By “us,” I mean the first-person plural. The first-person plural is the sole pronoun that fuses pure subject and pure object: I + [¬ I]. It is perhaps a theoretical cliché to note that “I” is a speech act, i.e., non-declarative, and in this case, performative—enunciation that effectuates what it communicates. Saint Bernard of Clairvaux, a medieval reformist monk, wrote that the best way to understand black and white is to put them together.2 In order to understand what kind of enunciation “I” is, “I” likewise needs its generic “not.” And while we could extend this notion to argue that the best way to understand language is to pair it with non-language—silence or screams, mass or movement or any one of a number of things that cannot be said or are said via another medium—we could also simply lean on Lacan for the thesis that language itself is a primal speech act of “not I.” Language is a default. By saying something to someone, including ourselves, we admit our separateness, including to ourselves. To triangulate all these referents, then, the best way to understand any “I” is to put it beside its complementary and articulated negative.

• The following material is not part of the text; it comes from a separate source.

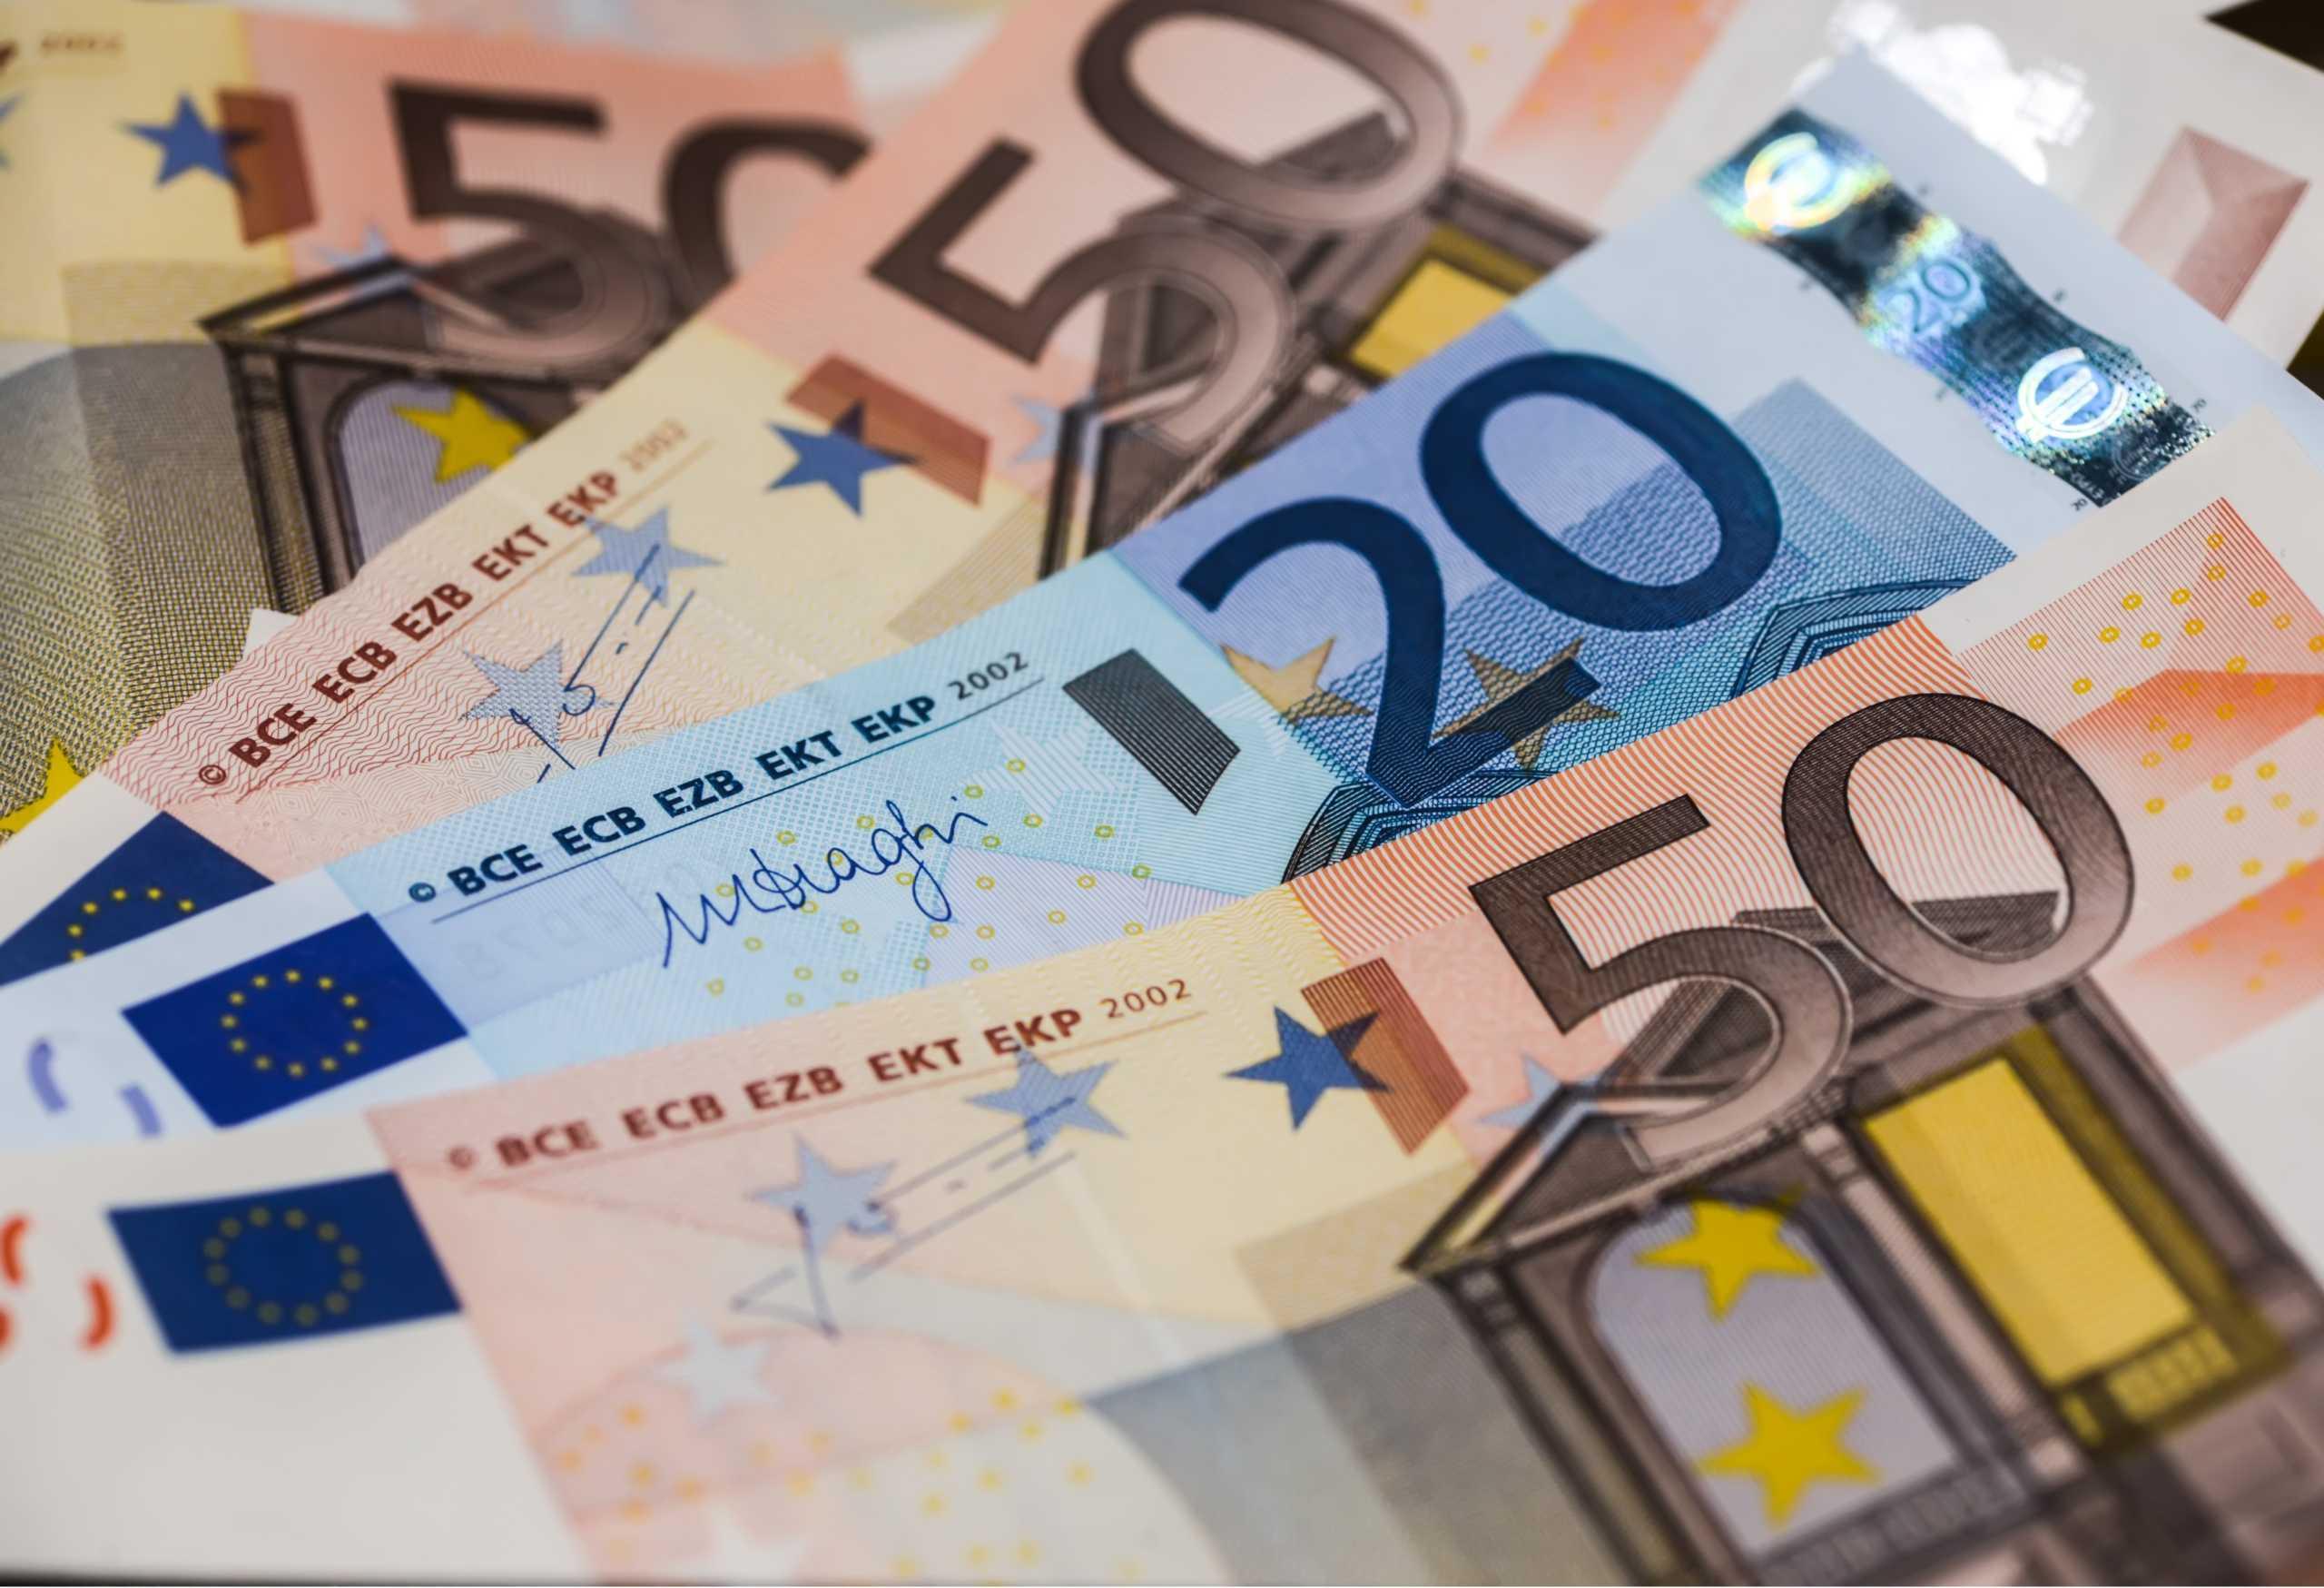 Κορονοϊός: Ραγδαία αύξηση εξαγορών και συγχωνεύσεων παγκοσμίως – Επιβράδυνση στην Ελλάδα

Walker employs the affirming beside, most precisely and directly via the silhouette, a medium that straightforwardly reiterates that the cultural fact of black, as a color, only exists as against a field of white. Many have rightly stated that Black had to become so that White could be.3 Too, black is the fact of ink, the color of written enunciations. Laws are set in black, as is textbook history. The speech acts “I am black”/“I am not black” are equally subsumptive, as both constitute and are constituted by the category they instantiate. Walker literally renders the fact of Black abject and archetypal, White cottony and equally malformed. By cutting in and between these one-and-two and two-as-one, as if slicing meat from skin and muscle from bone, Walker famously engages in narrative alongside anti-narrative,4 ante- and anti-bellum, emphasis on the bellum. Like a Civil War reenactor, the fight’s not over—not by a long shot—but bloated bodies on the landscape have become more decorative than declaratory. This is the language point many have missed, because bubbling beneath Walker’s overt engagement with narrativity and its perversions lies the pure fact of pure language.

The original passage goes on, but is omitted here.